Provided data:
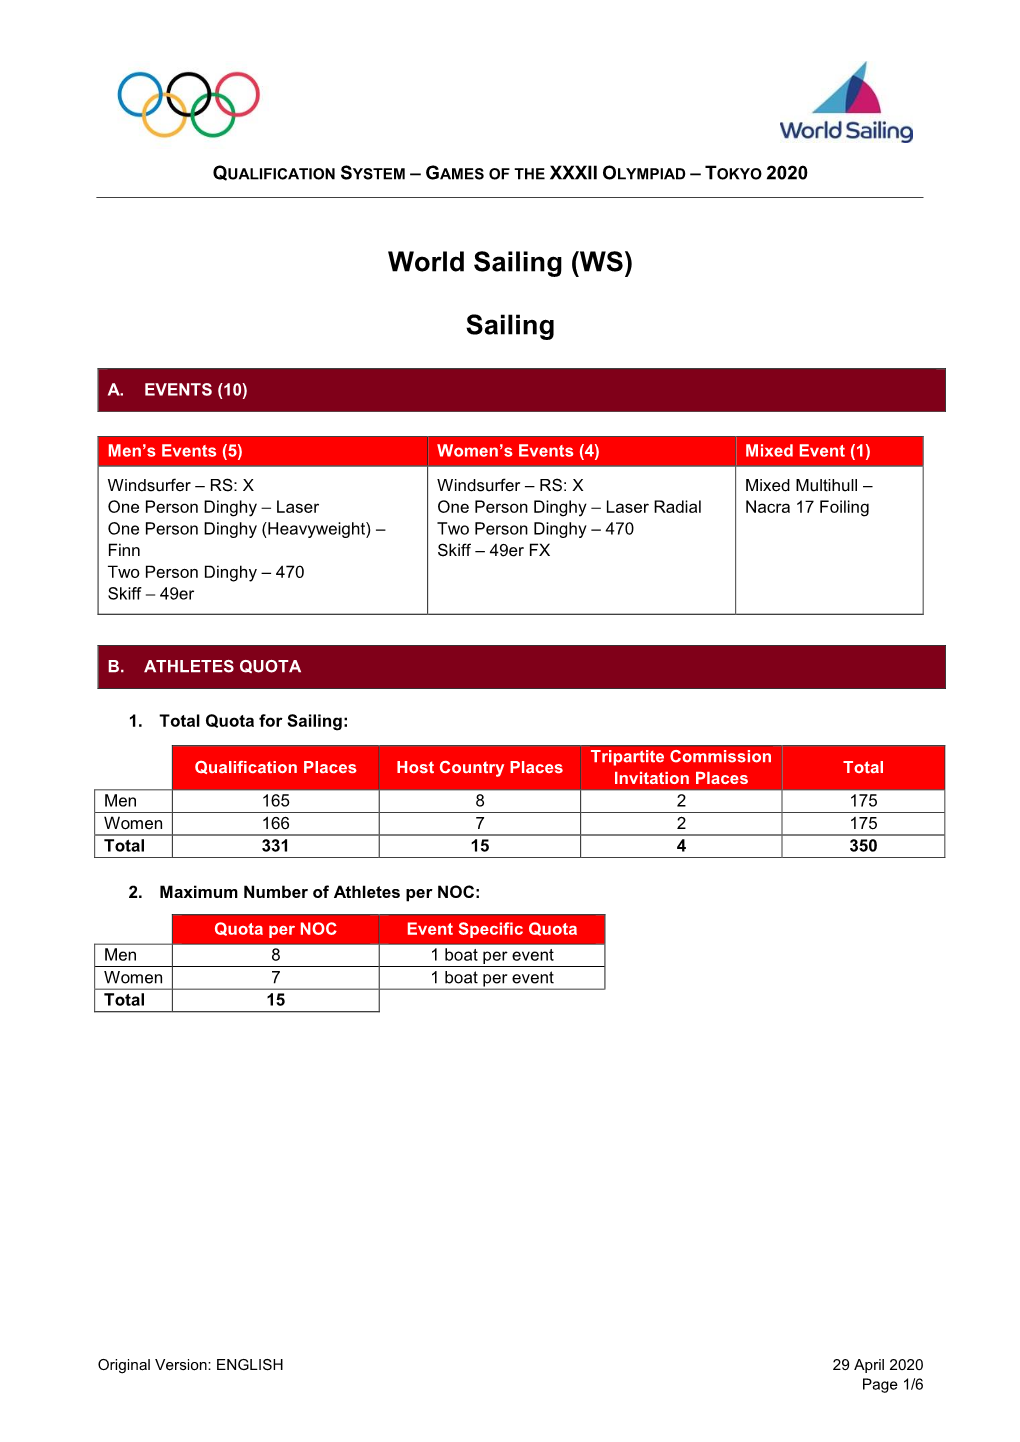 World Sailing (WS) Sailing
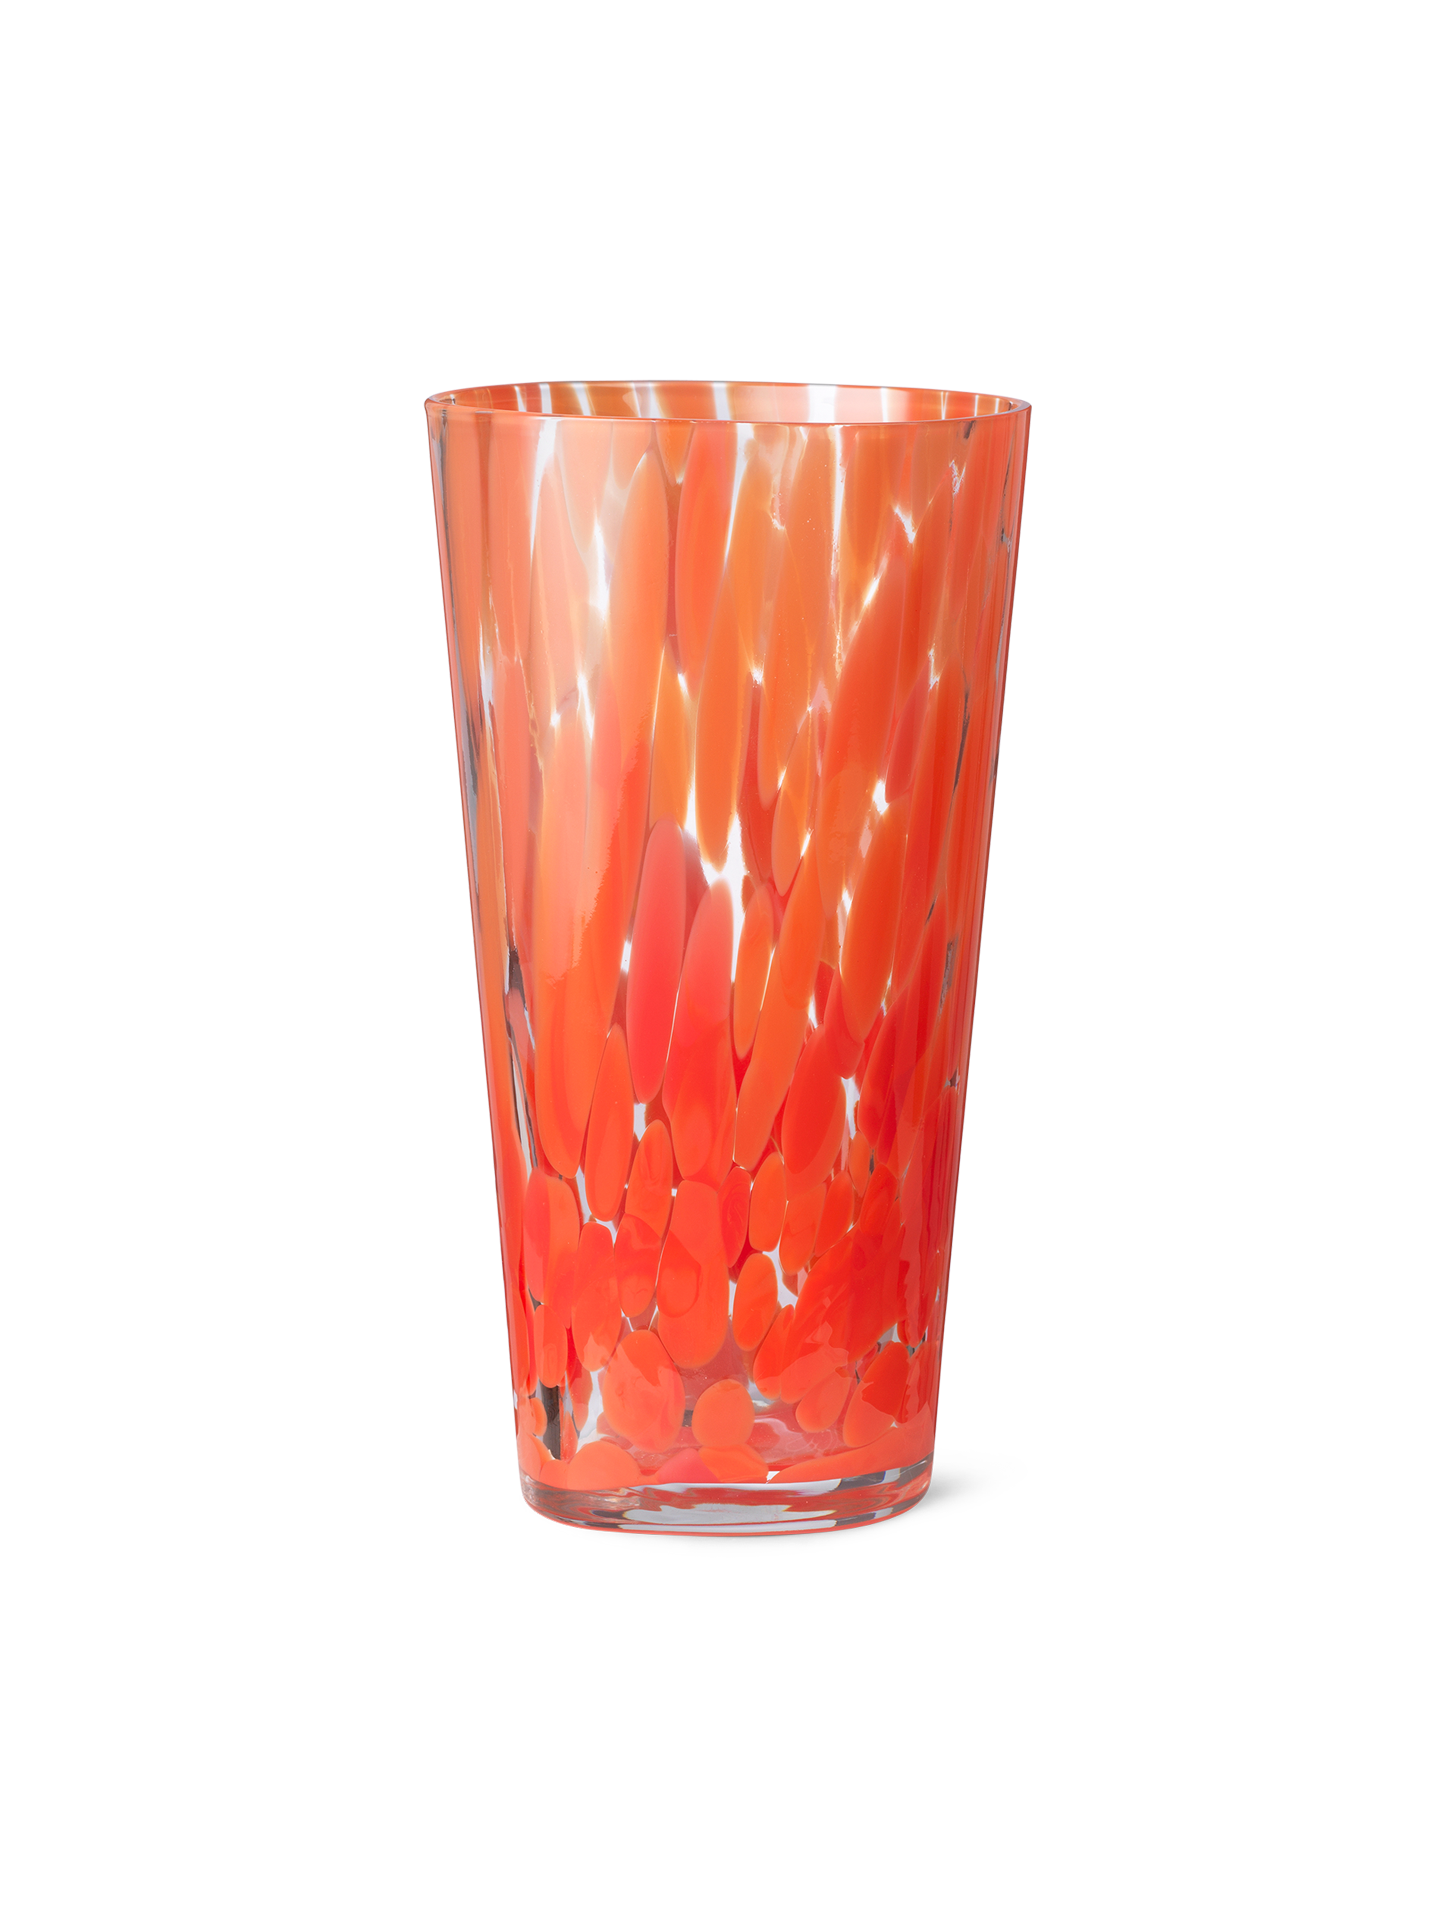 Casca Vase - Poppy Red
* * *
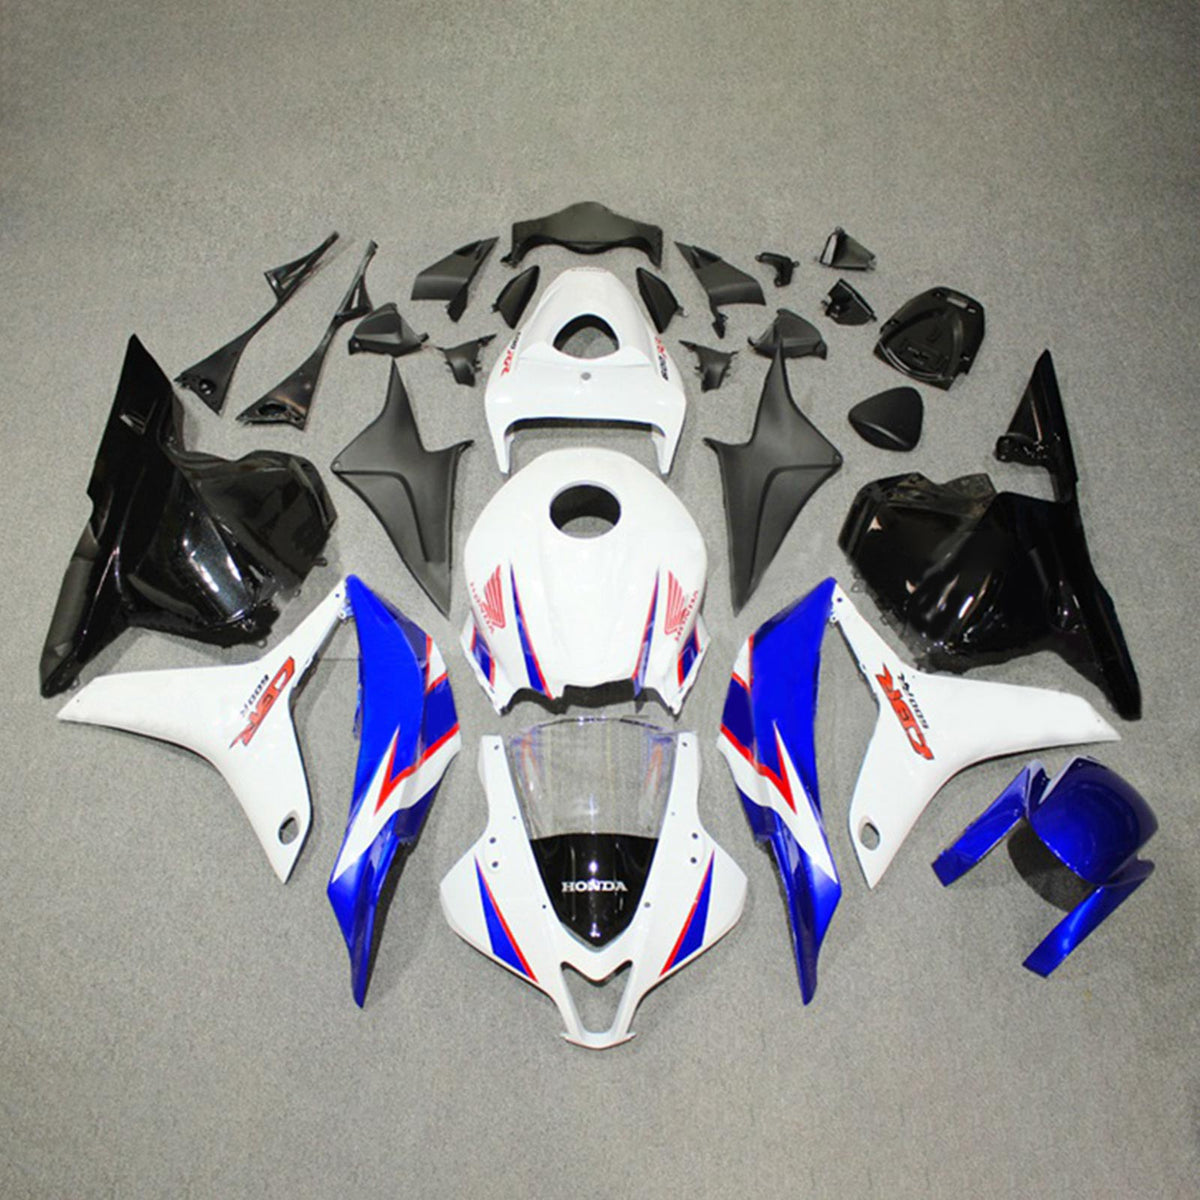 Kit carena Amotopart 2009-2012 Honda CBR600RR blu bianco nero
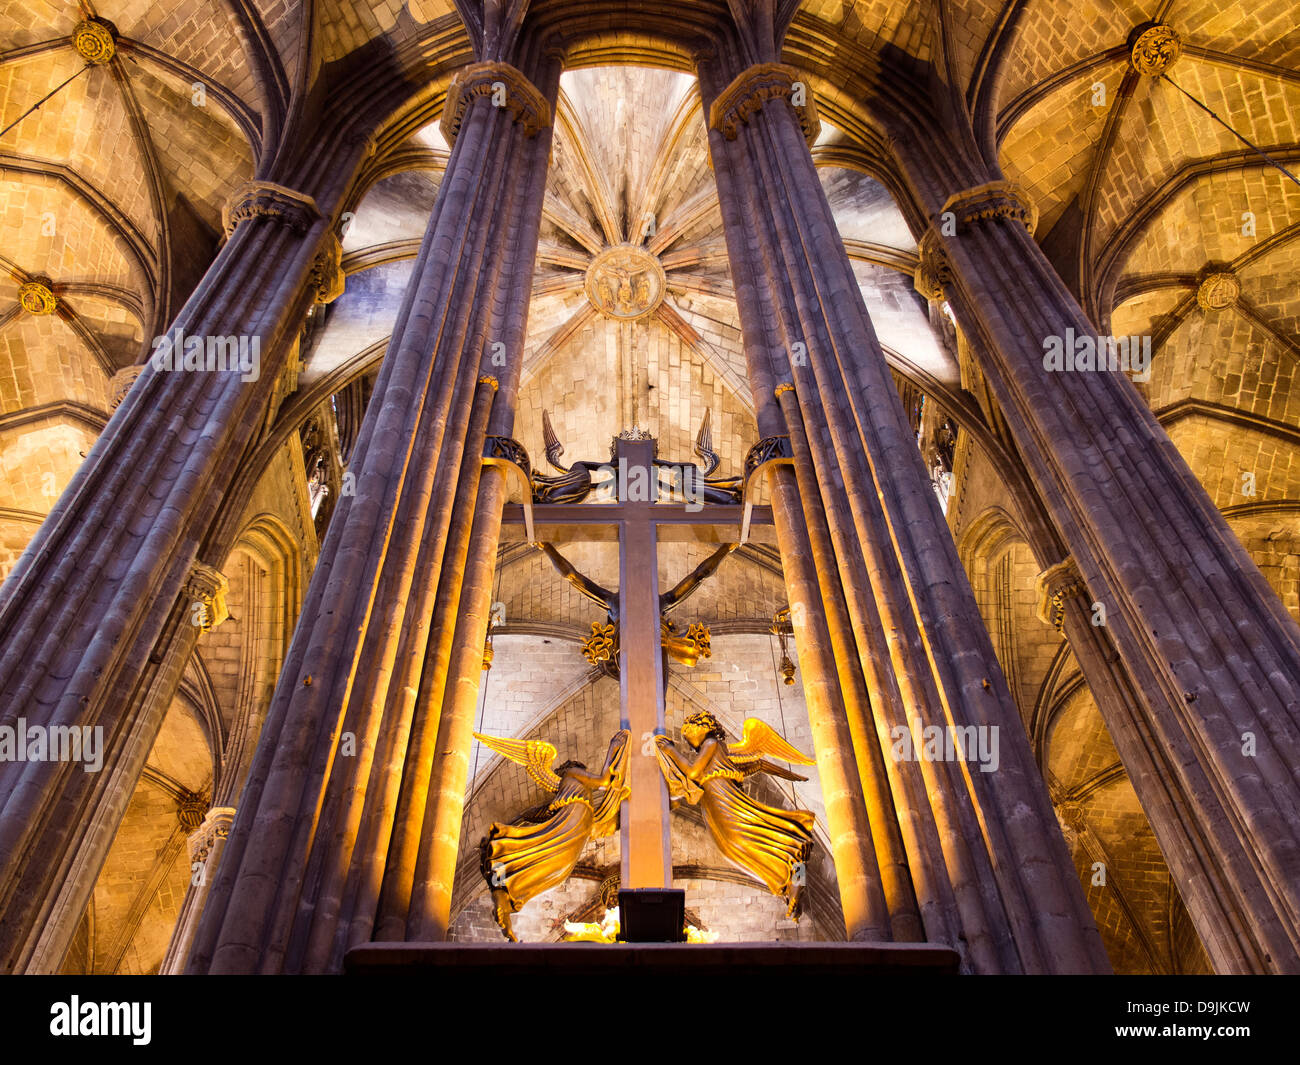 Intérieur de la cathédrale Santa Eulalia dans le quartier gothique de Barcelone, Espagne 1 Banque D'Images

Aim of the exercise:
Take only the lines above from the one that has "Kit carena Amotopart" through the one that has "Intérieur de la" and reproduce them exactly, omitting any pictures.

Answer area:
 Kit carena Amotopart 2009-2012 Honda CBR600RR blu bianco nero
 Intérieur de la cathédrale Santa Eulalia dans le quartier gothique de Barcelone, Espagne 1 Banque D'Images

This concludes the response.